Political Strategy for a Permanent Democratic Majority

Florida’s Hispanic Voters Could be Key in November

Regardless of what happens concerning Florida’s delegation to the Democratic convention, Florida is likely to be a key swing state in the general election. Florida ranks fourth among the states in electoral college votes, and Democrats have shown they are highly competitive there. To better understand Florida’s demographics Warren Bull’s BBC News article “Florida’s Hispanics weigh their vote” is a good place to begin. Bull notes:

About 20% of the Sunshine State’s population is Hispanic (rising to more than 60% in Miami Dade County) and it has long played an influential and sometimes decisive role in American politics…George W Bush would never have become the 43rd US president without the backing of more than half of Florida’s Latino voters.

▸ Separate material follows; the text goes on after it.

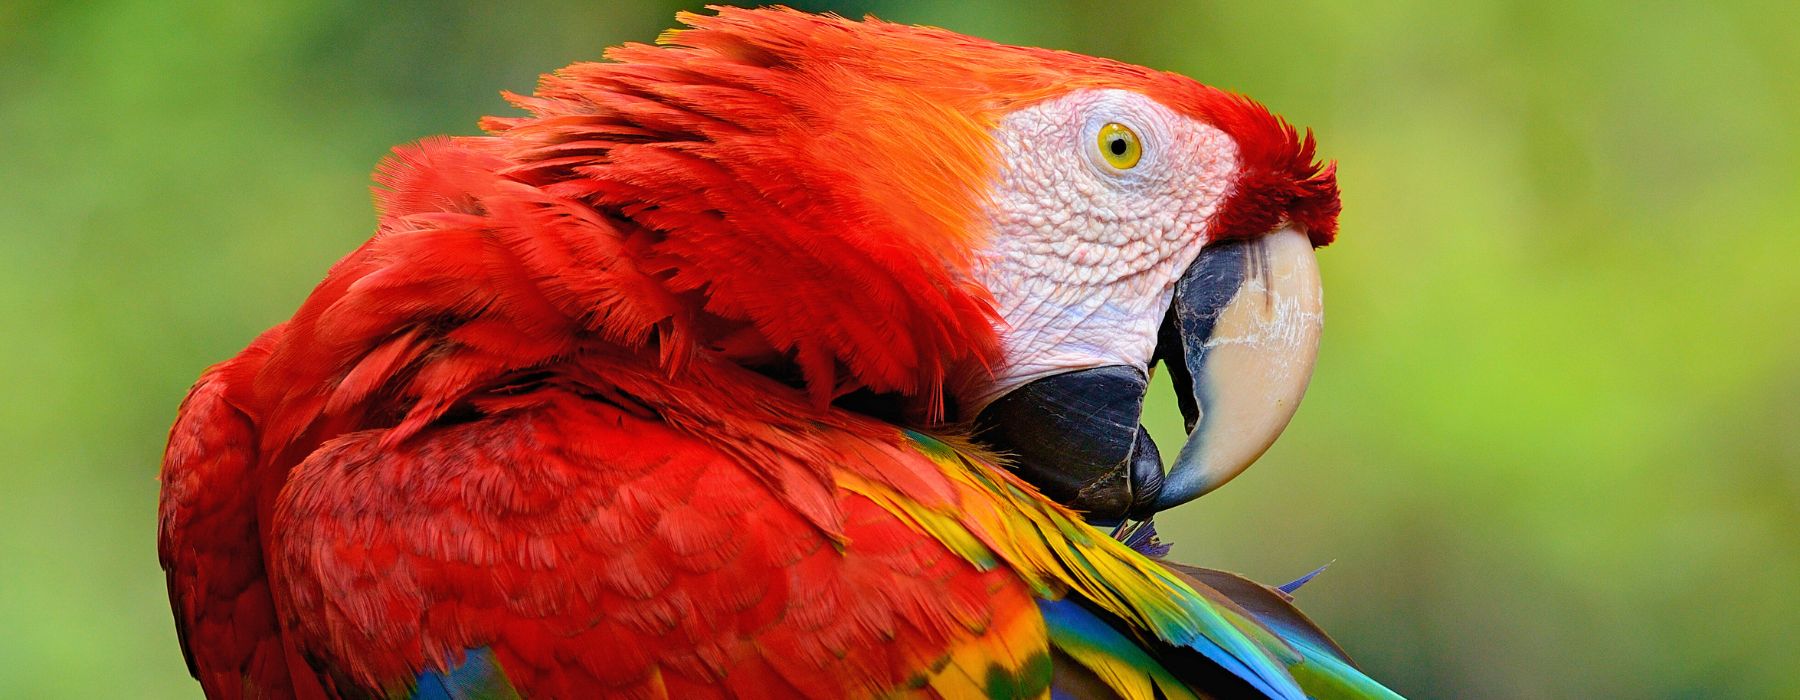 TOP 10 FACTS ABOUT MACAWS

Bull’s article also has a sidebar chart on Florida demographics with the following Census factoids:

Population: 18m
White, not Hispanic: 61.3%
Hispanic: 20.2%
Black: 15.8%
Home ownership rate: 70.1%
Median household income 2004: $40,900
US median: $44,334

Bull quotes Florida political analyst Dr. Paul Pozo on the diversity of Florida’s Hispanic community and its regional strongholds:

In the central part of Florida, the majority of the Latins are Puerto Rican. Some Central Americans are there also, and Mexicans in the north of Florida. South of Florida is basically the Cuban-American community.

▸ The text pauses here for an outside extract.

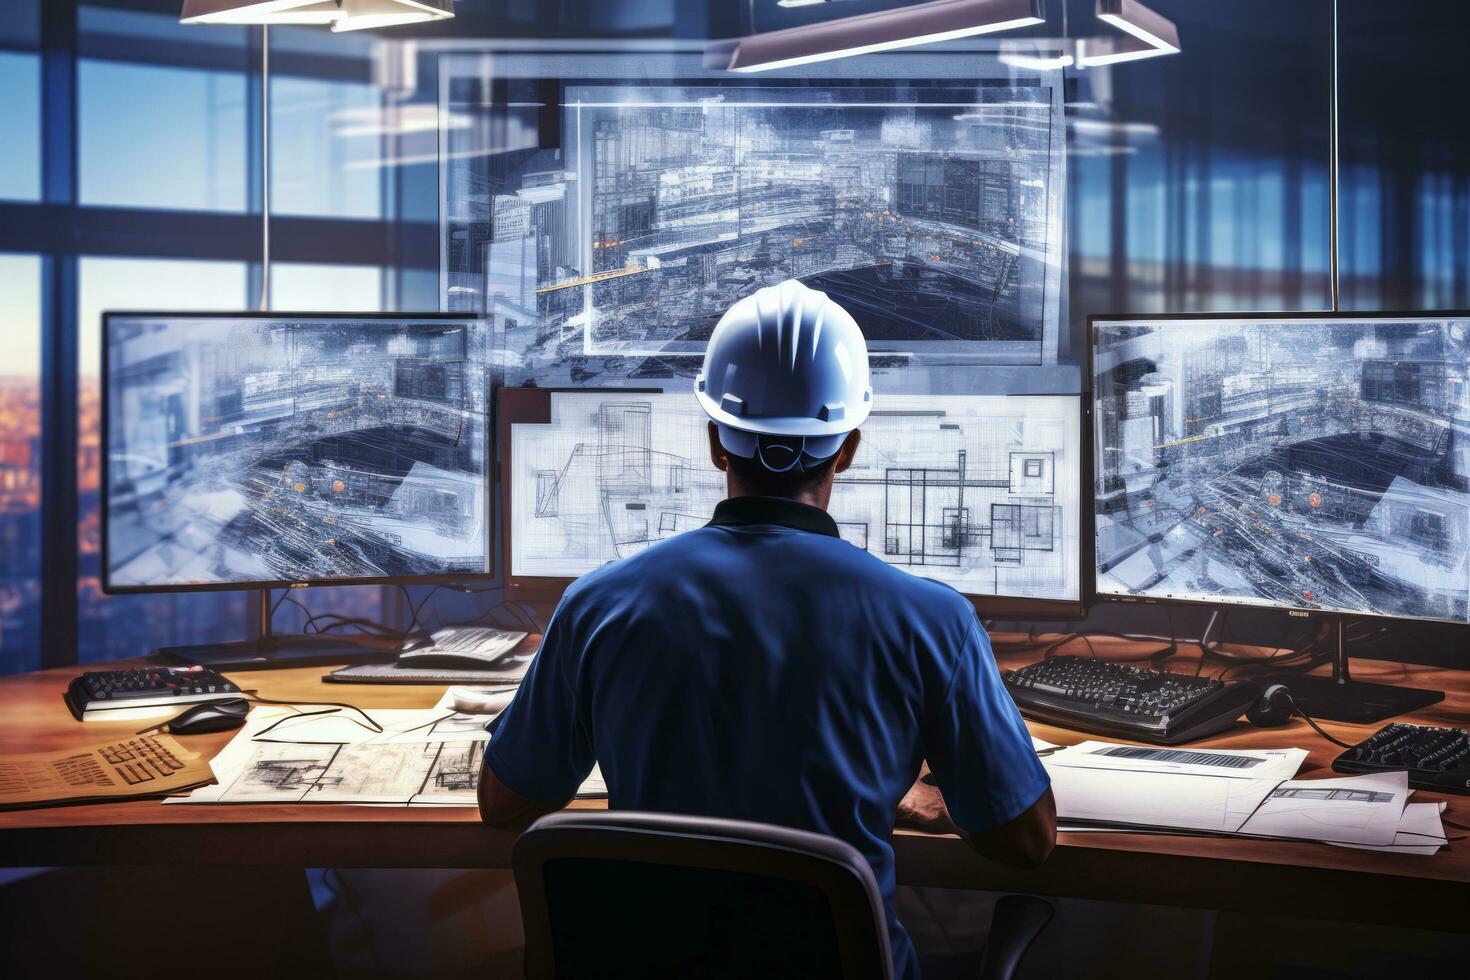 AI generated An engineer working on architectural plans with dual monitors, drafting tools, and a hard hat on the desk photo

Bull’s article doesn’t have the percentages for each Hispanic subgroup. But Adam C. Smith’s 2004 article in the St. Petersburg Times, “Parties court the ultimate swing vote: Florida’s Hispanics,” has a sidebar chart that indicates 31.1 percent of Florida Hispanics are Cuban, 18 percent Puerto Rican, 13.6 Mexican and 37.4 “other Hispanic and Latino.”
Adds Smith:

Hispanics account for about 12 percent of Florida’s electorate. The share made up of faithfully Republican Cuban-Americans has dropped from at least 80 percent a decade ago to 60 percent today. In 2000, Bush won 80 percent of the Cuban vote in Florida, while Gore won 60 percent of the non-Cuban Hispanic vote.

Victor Manuel Ramos notes in his Orlando Sentinel article, published by HispanicBusiness.com:

There are more than 1.1 million Hispanic voters statewide, including 207,000 in Central Florida. And they are the only major voter group that has grown — by 8,300 — since 2006. Statewide, a majority are Republicans.
By contrast, 42 percent of Central Florida’s Hispanics are registered Democrats, compared with 22 percent Republicans. That party alignment may explain why candidates haven’t invested much here.

Pozo has this to say about the ideologial breakdown:

The difference is in ideology. The Cuban-American community is more conservative and likes the Republican Party more than the Democrats. The Hispanic people in Central Florida are more inclined to the Democratic Party, and of course they feel different in so far as foreign relations.

Bull discusses the play of key issues of concern to Florida Hispanics, including: immigration; a high rate of foreclosures; health care reform; high drop-out rates; a depressed construction industry and the economy in general. Bull’s article links to a BBC demographic profile of Florida, which notes that seniors are 18 percent of the state population — the highest percentage in the nation.
Winning votes of Florida’s complex Hispanic demographic is a tricky challenge for Democrats. But with 27 electoral votes at stake, it’s not one Dems can afford to overlook.